Big money certainly is not new to hockey. Elite players have been earning in excess of $6 million annually for nearly a decade. And the new spending comes on the heels of just 1.86 percent growth in the average player salary last season to $1.48 million, the smallest one-year percentage change since 1985.
These most recent signings, however, position the NHL eerily close to major league baseball, the other major sports league without a salary cap. And unlike baseball, the NHL must live for three more seasons in the current system.
As much as many fans hate Texas' Alex Rodriguez and his $252 million contract, that's not the real problem with baseball's economics. The core dilemma is that about eight teams out of 30 command nearly all of the elite players and have any truly realistic shot of competing for a title. That forces the rest to market themselves in a state of rebuilding perpetually, something fans see through and tire of rather quickly.
Until recently, the NHL had seen neither the competitive imbalance nor the salary disparity baseball has. Mid-tier teams like Buffalo, Washington, Vancouver, Pittsburgh and Montreal have either competed for or won Stanley Cups in the past decade. And last season, the ratio between the top payroll and the lowest payroll, factoring out expansion teams Minnesota and Columbus, was less than 3-to-1.
In baseball, comparatively, the New York Yankees, winners of four of the last five World Series, have routinely outspent laggards like Minnesota and Florida by as much as a 7-to-1 ratio.

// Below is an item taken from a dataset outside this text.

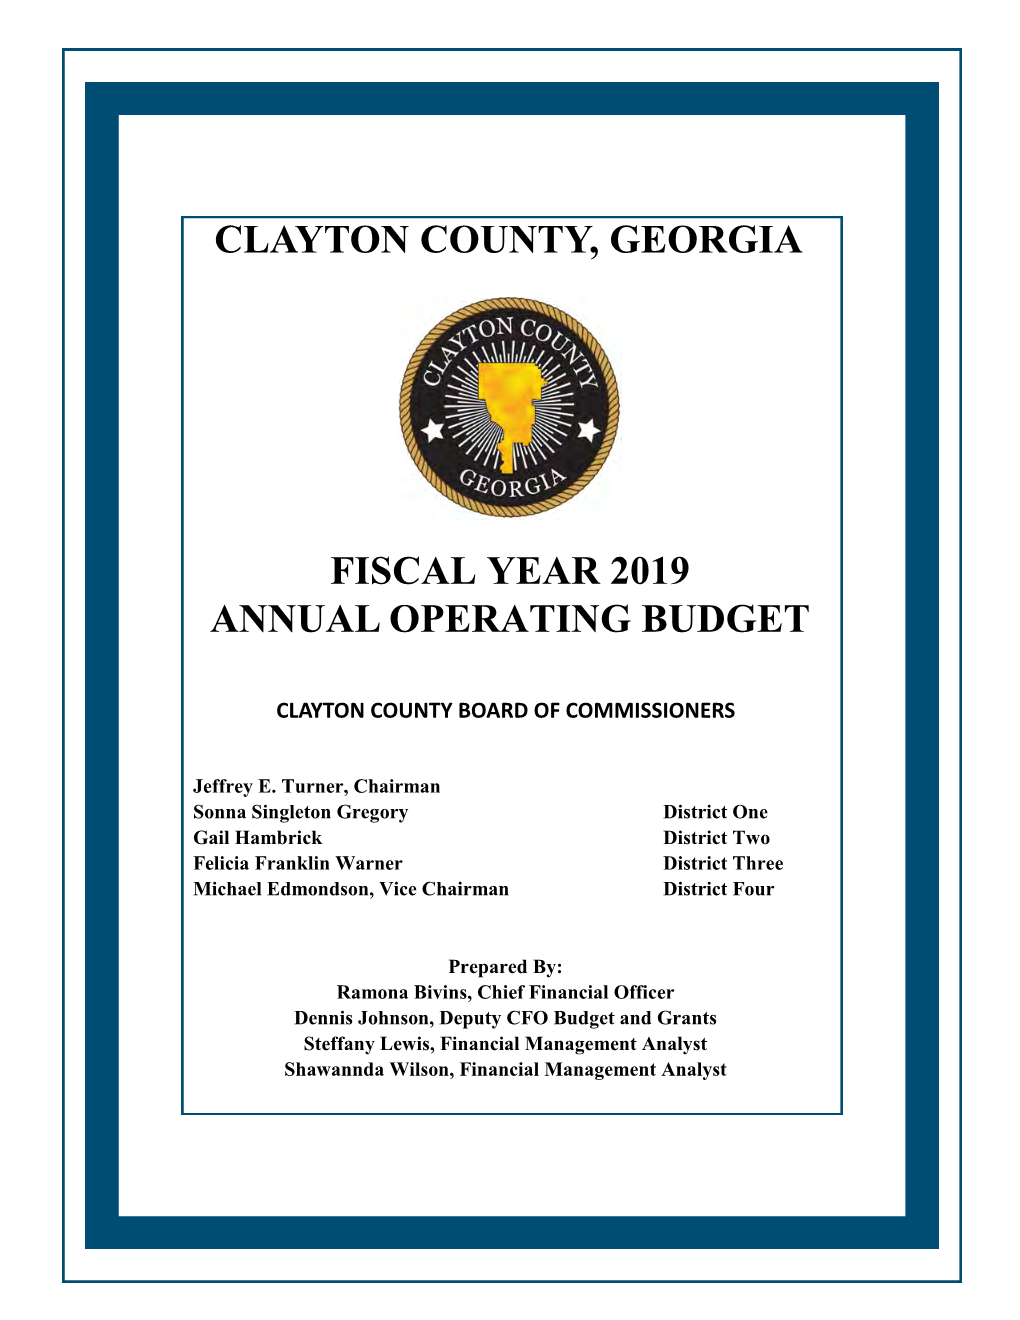 Clayton County, Georgia Fiscal Year 2019 Annual
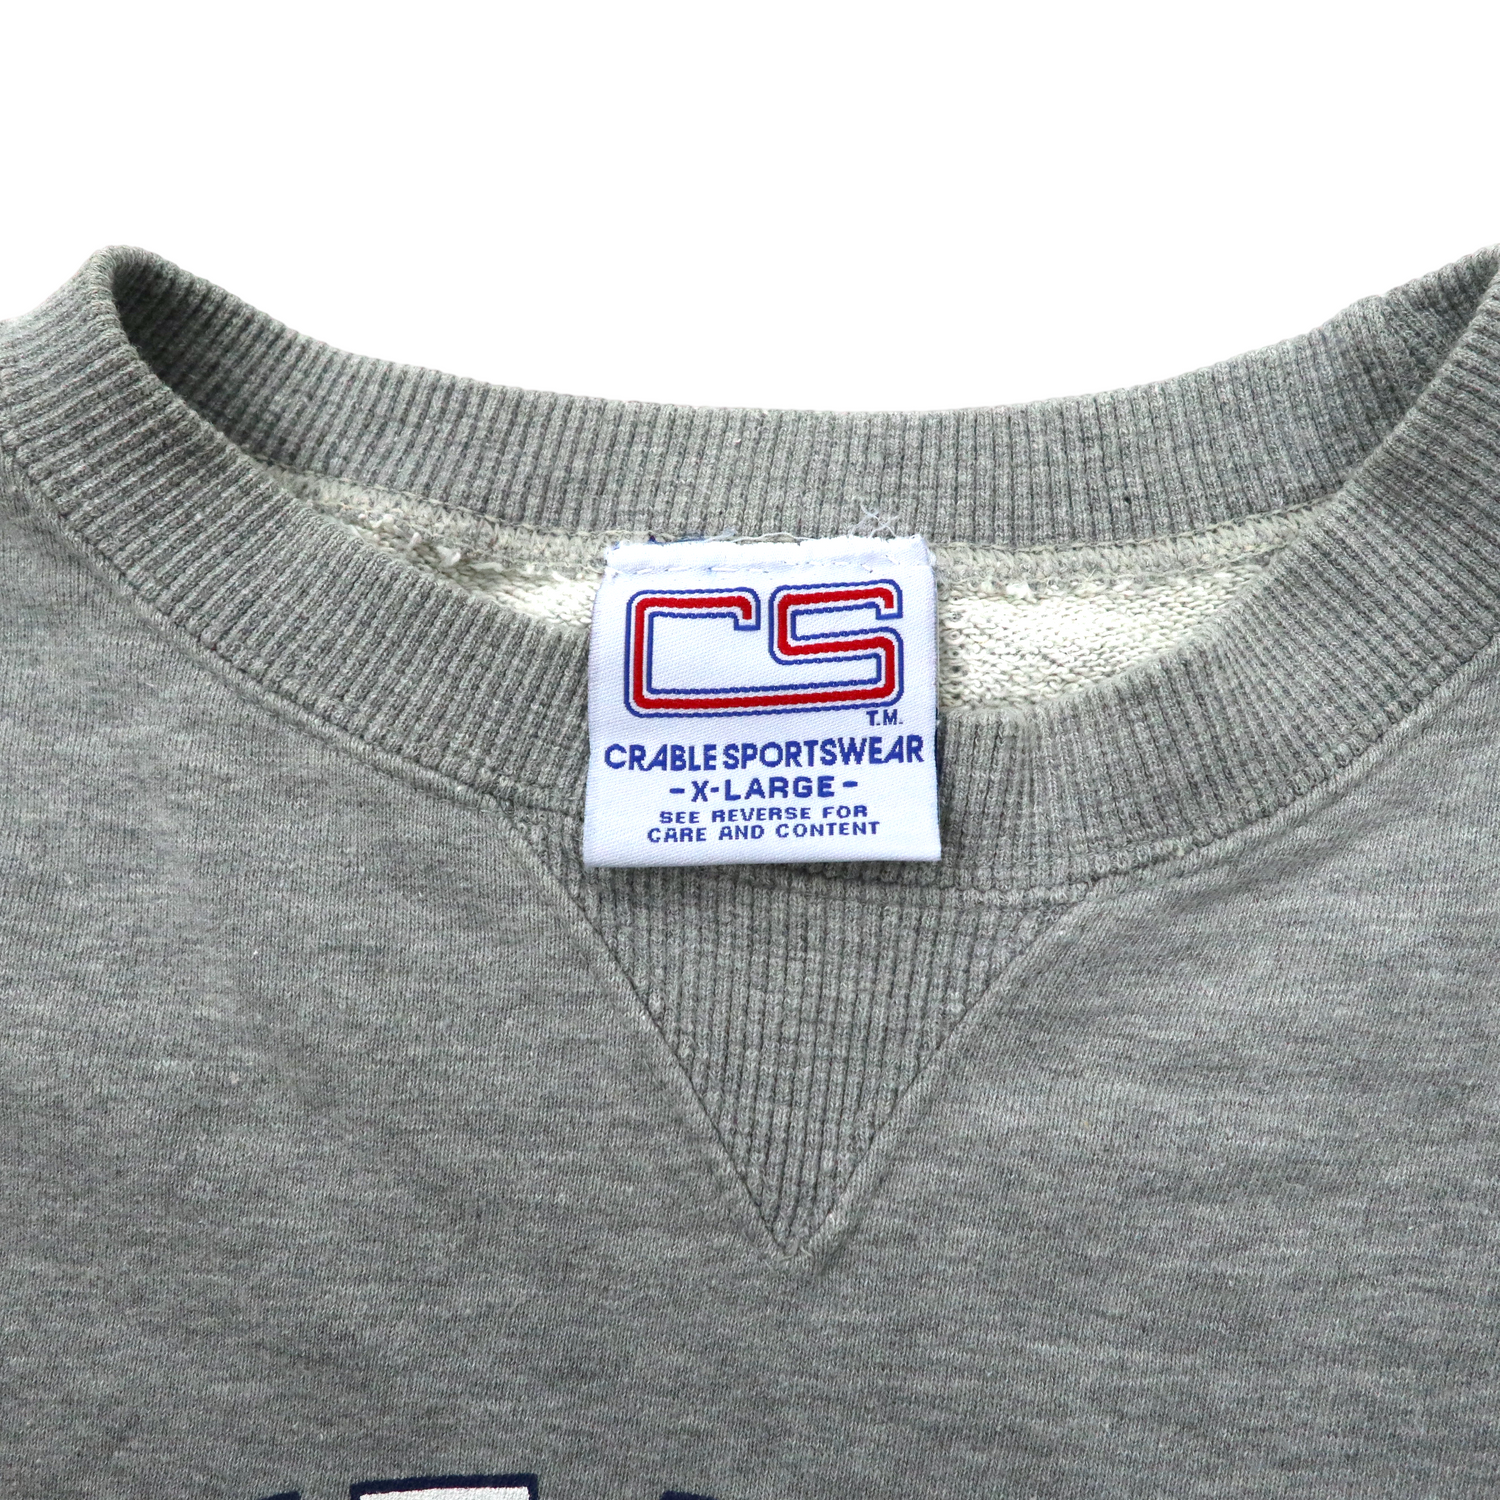 USA MADE CRABLE SPORTSWEAR Big College Print Sweatshirt XL Gray Cotton 90s

Last week's NHL free agent signings move the two sports significantly closer. Seven teams Philadelphia, Dallas, Colorado, St. Louis, Toronto, Boston and Detroit were the only teams signing premier players. And next season's final payroll spread between the residents of the NHL's Park Place and those of Baltic Avenue will move to at least 4-to-1 and possibly higher.
The league can take some solace that the highest overall player salary, $11 million for Colorado's Peter Forsberg, didn't budge significantly from last season. But with several more players now lurking just behind that mark, the plateau appears only temporary. And the $3 million-a-year deals for second-and third-tier players really rattle the system.
The signings also put additional pressure on the six teams in Canada, already crippled under the weight of the country's own weak dollar. Only one Canadian club, the Maple Leafs, is a truly viable generator of either playoff wins or revenues. And they made only one major signing right wing Alexander Mogilny for four years and $22.5 million.
"This is unfortunately nothing really new for us, just more of the same," said Ron Bremner, the Calgary Flames' president. "We've running very close to the line for some time. We just can't even worry about what the big-spending clubs do. It's definitely a concern, but we just have to keep our head down, do our business and put the best product out there we can."
Right here in Washington, the Capitals now display the close-but-no-cigar reality seen in baseball by St. Louis, Houston and other perpetually on-the-cusp teams. The Caps have a hip, affable and wealthy owner with a checkbook open, plenty of other skill players on the roster and an arena less than 4 years old. But center Jeremy Roenick passed over the Caps for the more talent-loaded Flyers, actually taking less money, and Washington and all the other nearly greats must now look to trades to improve for next season.
"It's frustrating. [Owner] Ted [Leonsis] is very frustrated, and the fans certainly are frustrated," team president Dick Patrick said. "Not only are raw economics skewed, but the length of these deals, too. At least three years and four or five for most. For a guy that's 31 or 32 or more now, the value at the back end of these deals could really go down."
To a certain degree, the latest contracts speak more to ambition and belief in one's own organizational structure than simply money. The Cup champion Avalanche, for example, drafted center Joe Sakic and traded quality players for goalie Patrick Roy and defenseman Rob Blake and have since spent handsomely to keep all three in Colorado. Their fans have expected it and have consistently filled the Pepsi Center at high ticket prices to help make it happen. And the team has not been a significant pursuer of unrestricted free agents from other teams.
But when some of the most ambitious teams, such as Washington and Los Angeles, still come up essentially empty, it strongly suggests the NHL has joined baseball on the road to oblivion and perhaps without a return ticket.
"Everybody wants what they can't have," Patrick said. "And that creates a lot of pressure."